National Center for Biotechnology Information, National Library of Medicine, National Institutes of Health, Bethesda, Maryland, USA; Rutgers, State University of New Jersey, Piscataway, New Jersey, USA.
Skolkovo Institute of Science and Technology, Skolkovo, Russia; Rutgers, State University of New Jersey, Piscataway, New Jersey, USA.
CRISPR J. 2020 Dec;3(6):535-549. doi: 10.1089/crispr.2020.0062.
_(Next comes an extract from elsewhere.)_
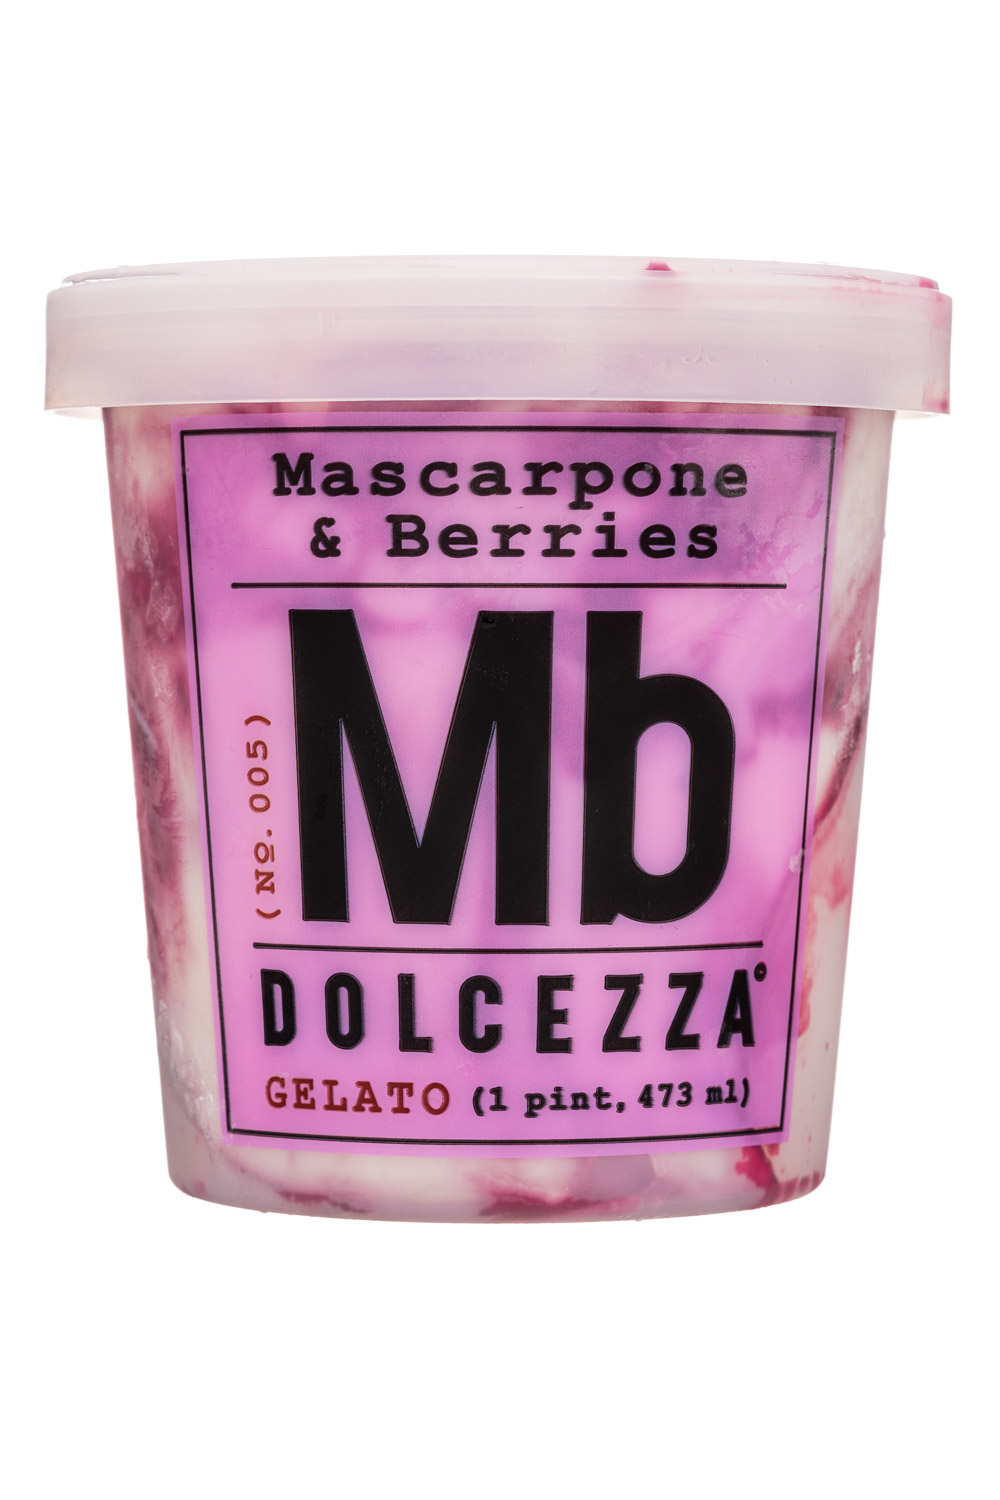 Mascarpone & Berries
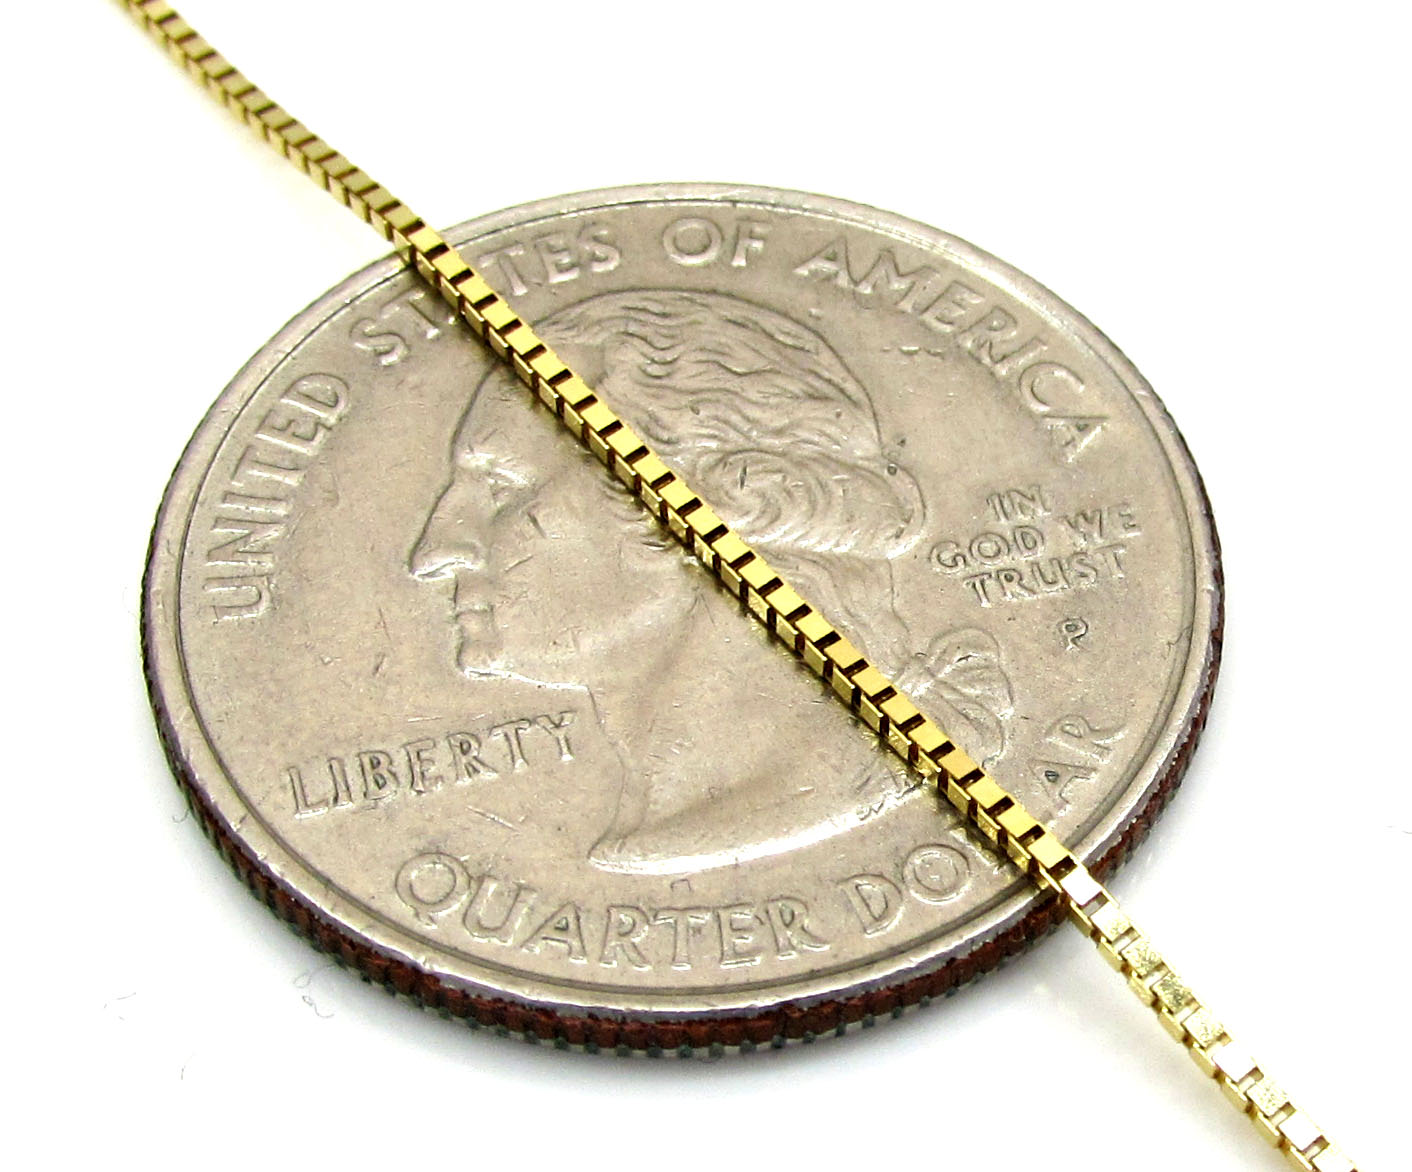 10k yellow gold skinny box link chain 16-24 inch 1.0mm

CRISPR-Cas systems typically consist of a CRISPR array and genes that are organized in one or more operons. However, a substantial fraction of CRISPR arrays are not adjacent to genes. Definitive identification of such isolated CRISPR arrays runs into the problem of false-positives, with unrelated types of repetitive sequences mimicking CRISPR. We developed a computational pipeline to eliminate false CRISPR predictions and found that up to 25% of the CRISPR arrays in complete bacterial and archaeal genomes are located away from genes. Most of the repeats in these isolated arrays are identical to repeats in -adjacent CRISPR arrays in the same or closely related genomes, indicating an evolutionary relationship between isolated arrays and arrays in typical CRISPR- loci. The spacers in isolated CRISPR arrays show nearly as many matches to viral genomes as spacers from complete CRISPR- loci, suggesting that the isolated arrays were either functionally active recently or continue to function. Reconstruction of evolutionary events in closely related bacterial genomes suggests three routes of evolution of isolated CRISPR arrays: (1) loss of genes in a CRISPR- locus, (2) generation of arrays from off-target spacer integration into sequences resembling the corresponding repeats, and (3) transfer by mobile genetic elements. Both combination of emerging arrays with genes and regain of genes by isolated arrays via recombination likely contribute to functional diversification in CRISPR-Cas evolution.
CRISPR-Cas 系统通常由一个 CRISPR 数组和基因组成,这些基因组织在一个或多个操纵子中。然而,相当一部分的 CRISPR 数组不与基因相邻。明确识别这种孤立的 CRISPR 数组会遇到假阳性的问题,即与 CRISPR 相似的无关类型的重复序列会被模拟。我们开发了一种计算管道来消除虚假的 CRISPR 预测,发现完整的细菌和古细菌基因组中多达 25%的 CRISPR 数组位于基因之外。这些孤立数组中的大多数重复与同一或密切相关基因组中相邻 CRISPR 数组中的重复相同,表明孤立数组与典型 CRISPR 基因座中的数组之间存在进化关系。孤立 CRISPR 数组中的间隔与病毒基因组的匹配数量几乎与完整 CRISPR 基因座中的间隔一样多,这表明这些孤立数组要么最近具有功能活性,要么继续发挥作用。在密切相关的细菌基因组中重建进化事件表明,孤立 CRISPR 数组有三种进化途径:(1)CRISPR 基因座中的基因丢失,(2)来自与相应重复相似的序列的脱靶间隔体整合生成数组,以及(3)通过移动遗传元件转移。新兴数组与基因的组合以及孤立数组通过重组重新获得基因可能有助于 CRISPR-Cas 进化中的功能多样化。